Apple has hidden a poem inside OS X that warns users not to pirate the operating system.
There once was was a user that whined
his existing OS was so blind,
he'd do better to pirate
an OS that ran great
but found his hardware declined.
Please don't steal Mac OS!
Really, that's way uncool.
What's the deal?
Basically, Apple wants to make it hard to run its Intel-based OS X on PCs, by AES-encrypting some key applications like Finder, Dock, and Rosetta (ha, sounds like instruction-set randomization again!). Of course, there must be something behind the scene to restore (read: decrypt) the scrambled binaries. Apple uses a kernel extension dsmos (/System/Library/Extensions/Dont Steal Mac OS X.kext) to do this job. For now this decryption is all done in software, and I suppose the binaries are statically encrypted with fixed keys. So this extra protection doesn't help much with defeating piracy. In the future though, I'd expect Apple to make use of TPM to authenticate the hardware and do the decryption.
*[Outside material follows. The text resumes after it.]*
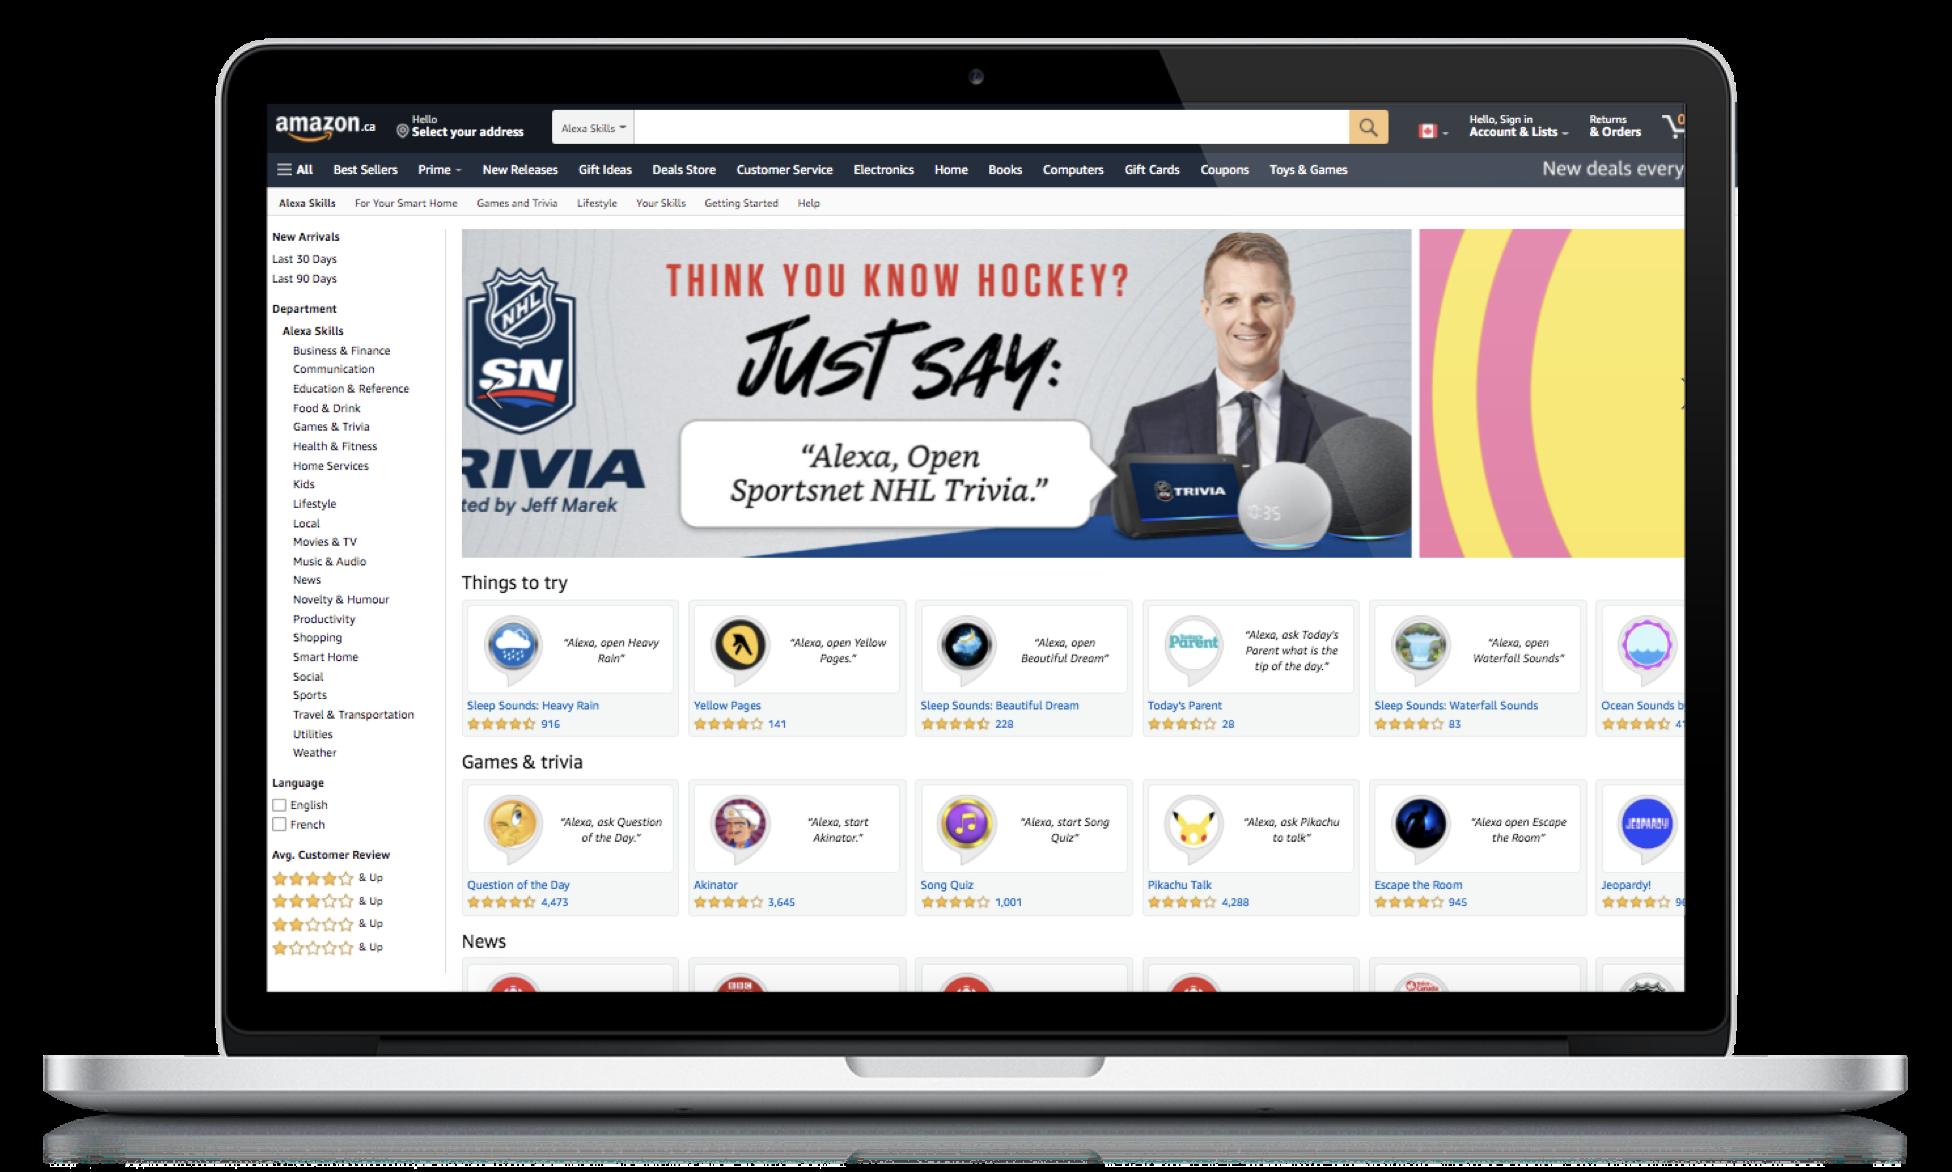 Amazon Skillstore Billboard Promotional Campaign
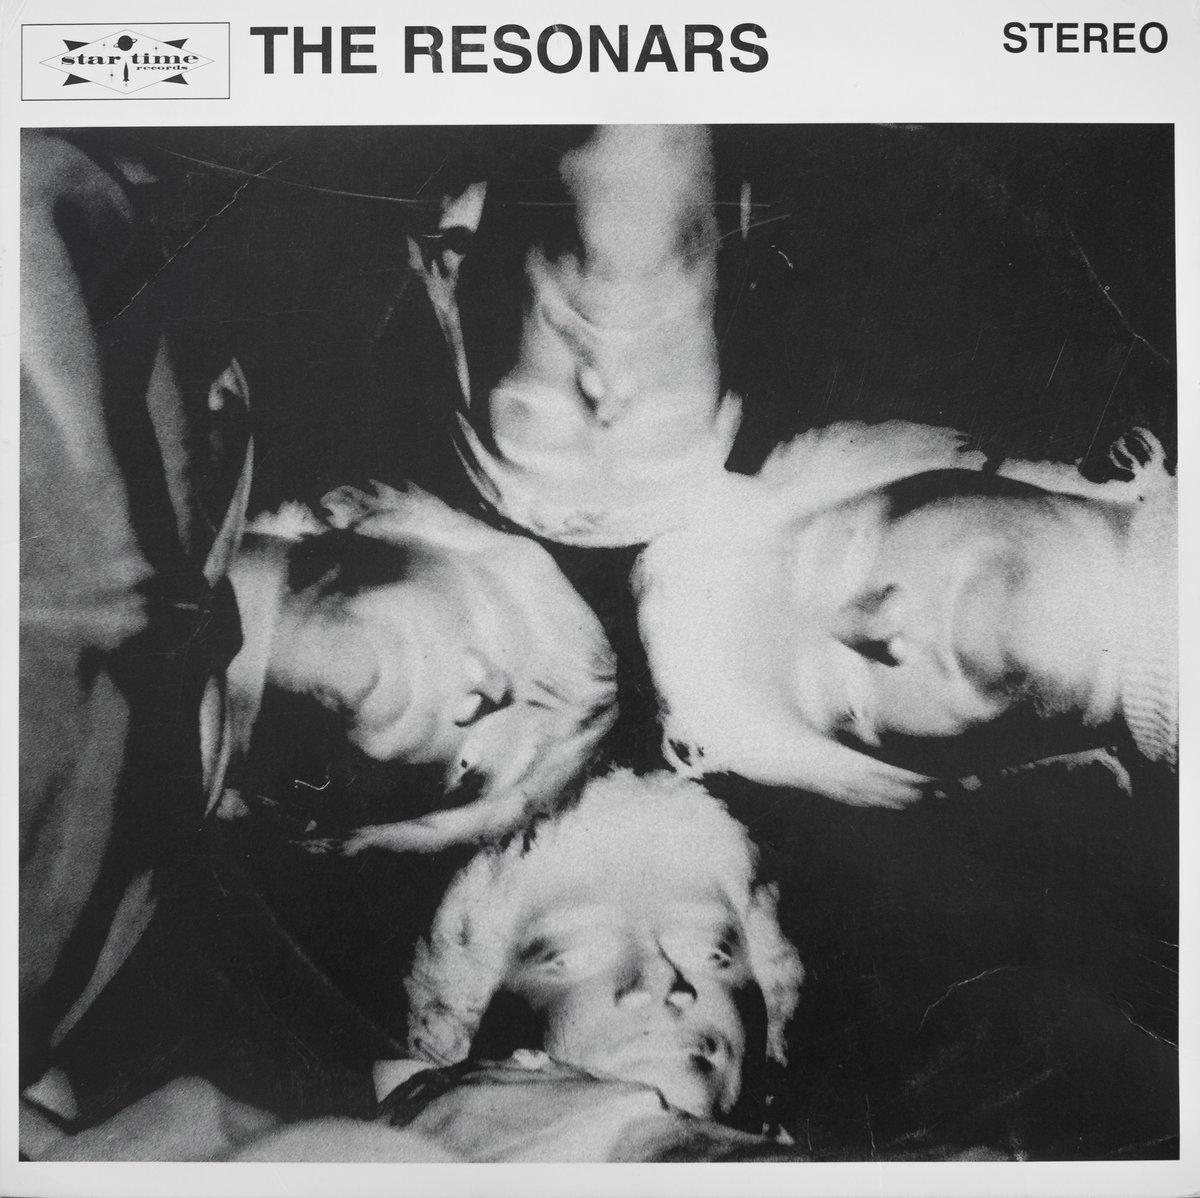 The Resonars (mono version) | The Resonars

The major obstacle of OS X86 (aka Hackintosh), is that legacy PCs only come with BIOS, but OS X only runs on EFI. Hackers had to either patch the kernel to remove its dependence on EFI, or patch the bootloader to emulate EFI so that the vanilla kernel can run. Ironically, Apple had the same problem the other way around: it upgraded its EFI to include BIOS support so that Windows XP can run. Besides the EFI hack, SSE3 instructions in the kernel have to be patched or emulated on old CPUs.